Durante o período de 2016 e 2017 o Vale do Sinos teve aumento no número de trabalhadores formais com 65 anos ou mais. Esta foi a única faixa etária dentre as pesquisadas que não apresentou queda em nenhum dos catorze municípios da região.

Além disso, os contratados desta faixa tiveram o maior crescimento registrado para o período em comparação com os demais. O número de trabalhadores com 65 anos ou mais em 2016 era de 3607 e subiu para 4019 em 2017 (aumento de 11,42%) em contraponto, a segunda faixa com maior queda foi a de 15-17 anos, que teve uma queda de 18% (de 5.422 em 2016 para 4.447 em 2017).

O Observatório das Realidades e das Políticas Públicas do Vale do Rio dos Sinos - ObservaSinos, programa do Instituto Humanitas Unisinos - IHU analisou comparativamente os dados sobre o emprego no biênio 2016-2017 e apresenta um retrato das movimentações do mercado de trabalho da região do Vale dos Sinos no ano passado. Os dados coletados estão na base pública da Relação Anual de Informações Sociais - RAIS.

Eis o texto. 

Geração

O mercado de trabalho no ano de 2017 no Vale do Rio dos Sinos apresentou um aumento em termos absolutos no número de admissões. Enquanto em 2016 o total de trabalhadores na região era de 354.279, o ano passado contabilizou 356.289 admissões, isto é, um aumento de 0,57%. O município de Araricá obteve a maior variação, pois entre o ano de 2016 e 2017 a cidade teve um aumento de 19,17% no número de trabalhadores (1.398 em 2016 para 1.666 em 2017). Entretanto, por mais que Araricá tenha apresentado a maior variação percentual positiva, Canoas, Novo Hamburgo e São Leopoldo são os municípios do Vale do Sinos que possuem o maior número de trabalhadores contratados no ano passado, com 82.107, 74.742 e 58.055 respectivamente, representando cerca de 60% do total de empregados da região.

É importante mencionar algumas movimentações nestes últimos anos. O número de trabalhadores na faixa de 10-14 anos sofreu uma queda do ano 2016 para 2017 em sete dos 14 municípios da região. É o caso de Canoas (-21,74%), Dois Irmãos (-100%, com 19 trabalhadores entre 10-14 anos em 2016 e nenhum em 2017), Esteio (-33%), Ivoti (-100% com apenas 2 trabalhadores em 2016 e nenhum jovem em 2017), Nova Santa Rita (-50%), São Leopoldo (-36,8%) e Sapiranga (-60%). Por outro lado, Estância Velha e Sapucaia do Sul apresentaram, cada um, um aumento de 50% no número de trabalhadores.

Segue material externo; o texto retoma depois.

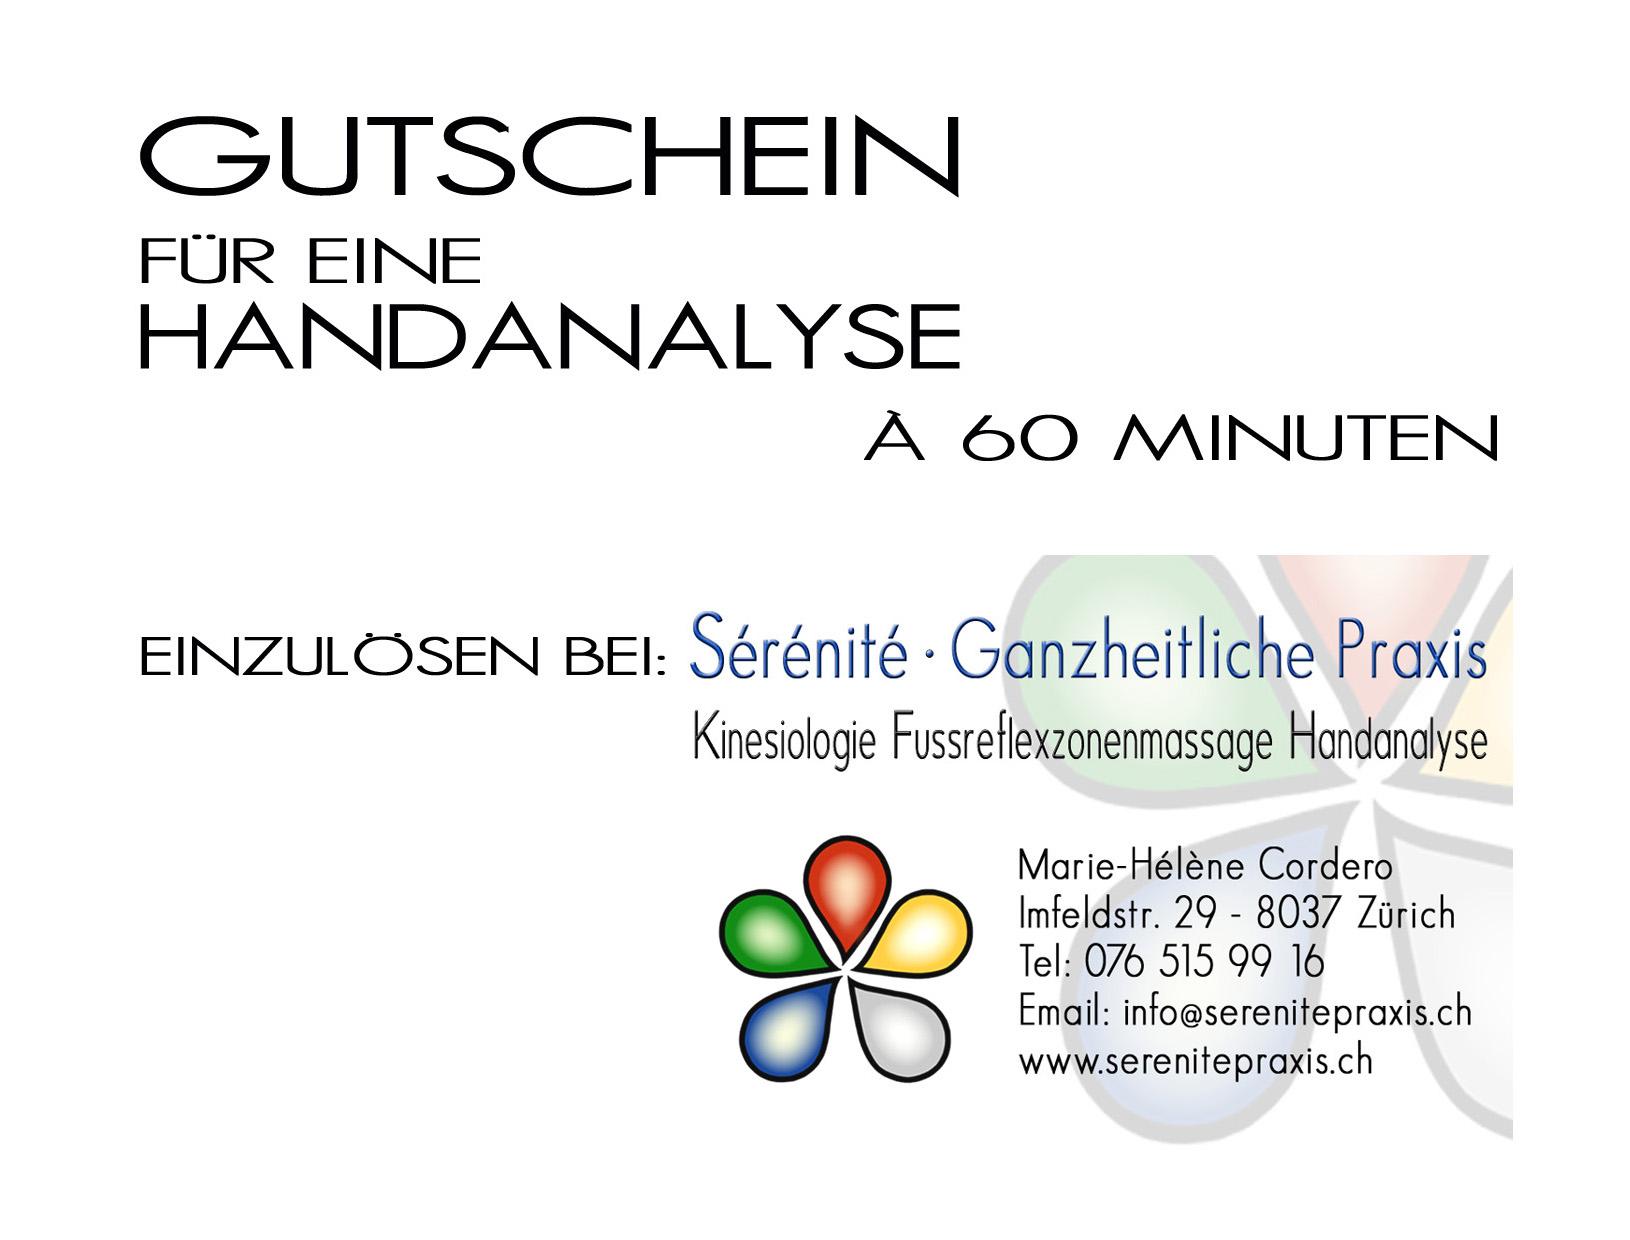 Handanalyse Gutschein 60Min. Sérénité Praxis Zürich

O estrato de trabalhadores entre 15-17 anos também apresentou queda no número de empregados entre 2016 e 2017 em 11 dos 14 municípios analisados, com destaque para Esteio, que totalizou um declínio de 40,8% (de 228 trabalhadores em 2016 para 135 em 2017). A mesma tendência de involução segue para a faixa de contratados com 18-24 anos, que apresentou resultados negativos em oito municípios, não obstante menores (a maior queda registrada foi no município de Nova Santa Rita, com -8,4%). Para o corte de 25 a 29 anos, a variação negativa também registrada em oito municípios apresentou números menores, sendo a maior queda novamente em Nova Santa Rita com -6,37% e a menor em Portão com -2,4%. Por outro lado, o número desses trabalhadores nos anos supracitados aumentou em Araricá (6,8%), Canoas (3,3%), Estância Velha (4,5%) e Sapucaia do Sul (2%). 

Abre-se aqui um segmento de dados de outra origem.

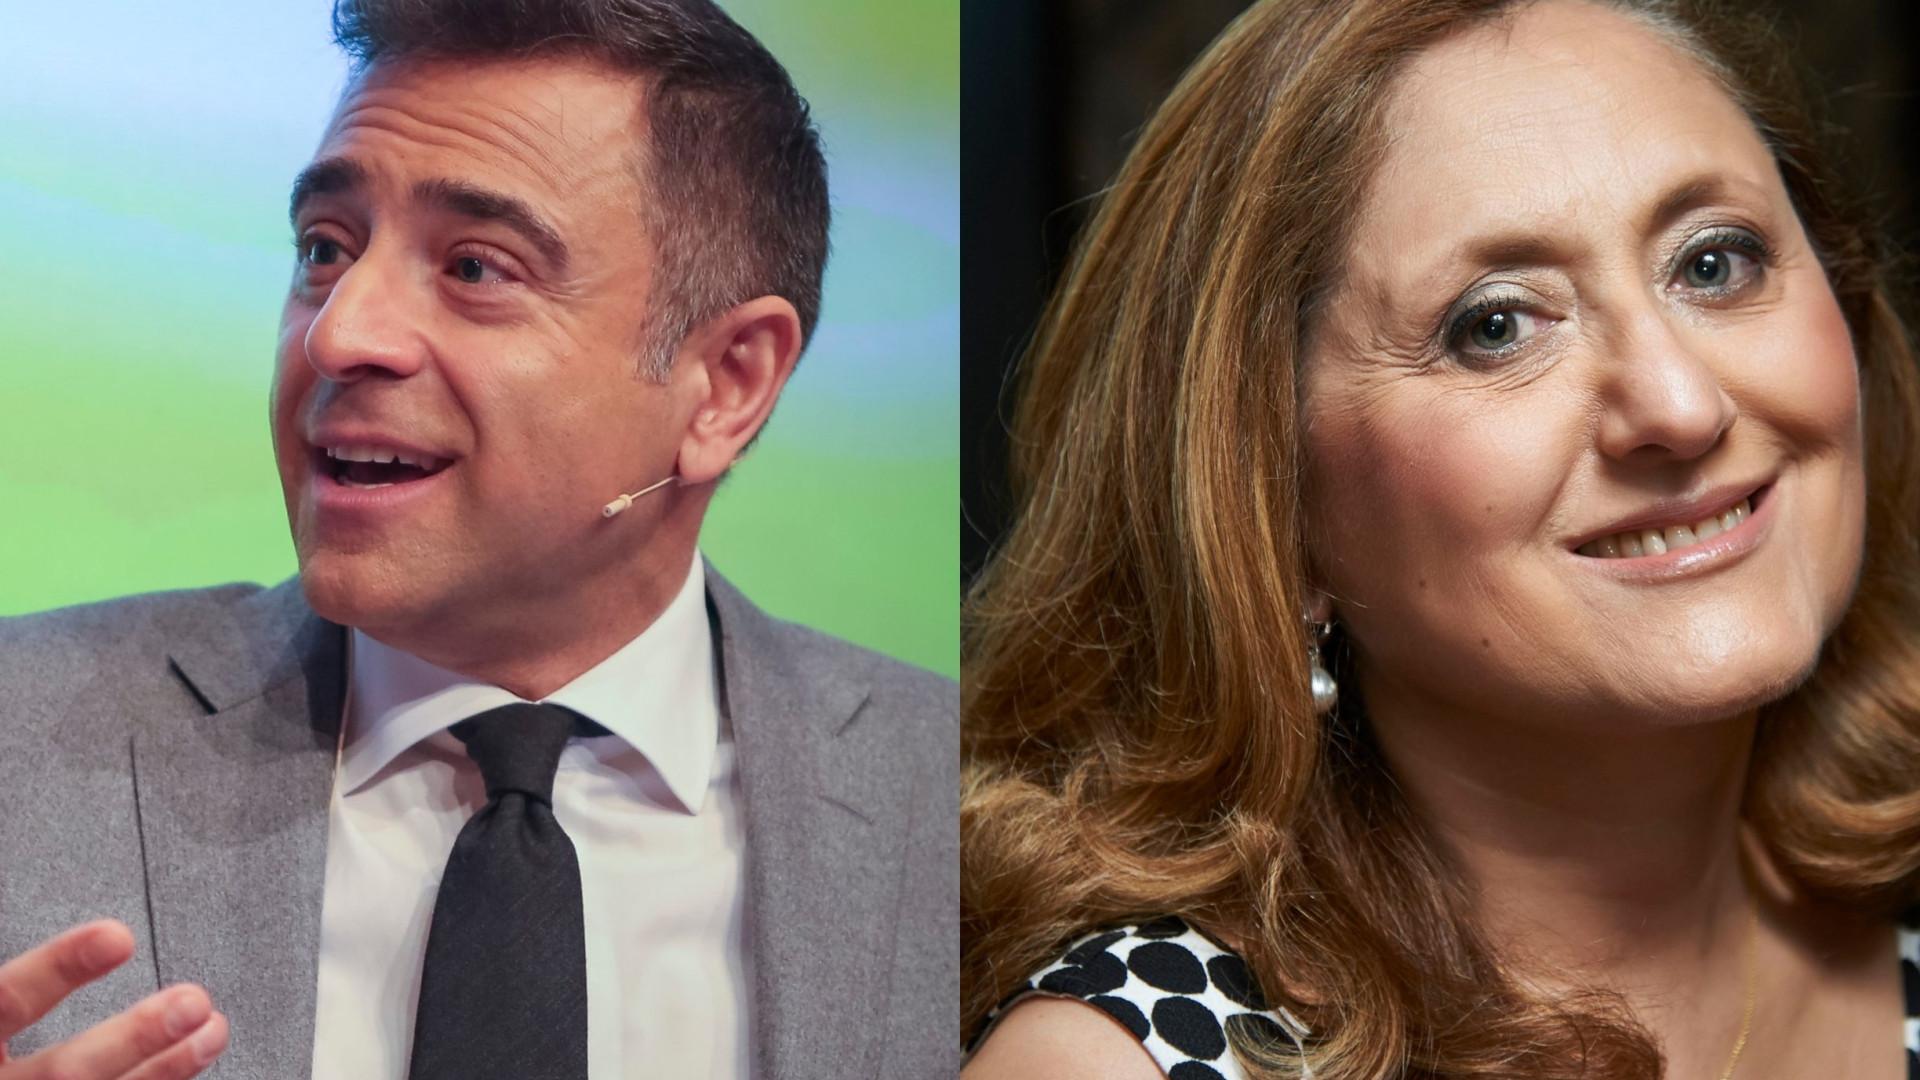 Pior pivot da TV? João Adelino Faria responde a Maria Elisa Domingues

O número de trabalhadores de 30 a 39 anos registrou queda em apenas seis municípios, destacando Nova Hartz com -4,86%. Em contrapartida, Araricá contabilizou um aumento de 9,66% no número de empregados nessa faixa etária. O número de municípios com variações negativas diminui nos estratos a seguir: o corte 40-49 anos possui queda em seis municípios, sendo a maior delas em Nova Hartz (-5,4%). O número de trabalhadores entre 50 e 64 anos diminuiu em apenas quatro municípios: Campo Bom (-1,40%), Dois Irmãos (-2,4%), Nova Santa Rita (-0,4%) e Sapiranga (-1,5%).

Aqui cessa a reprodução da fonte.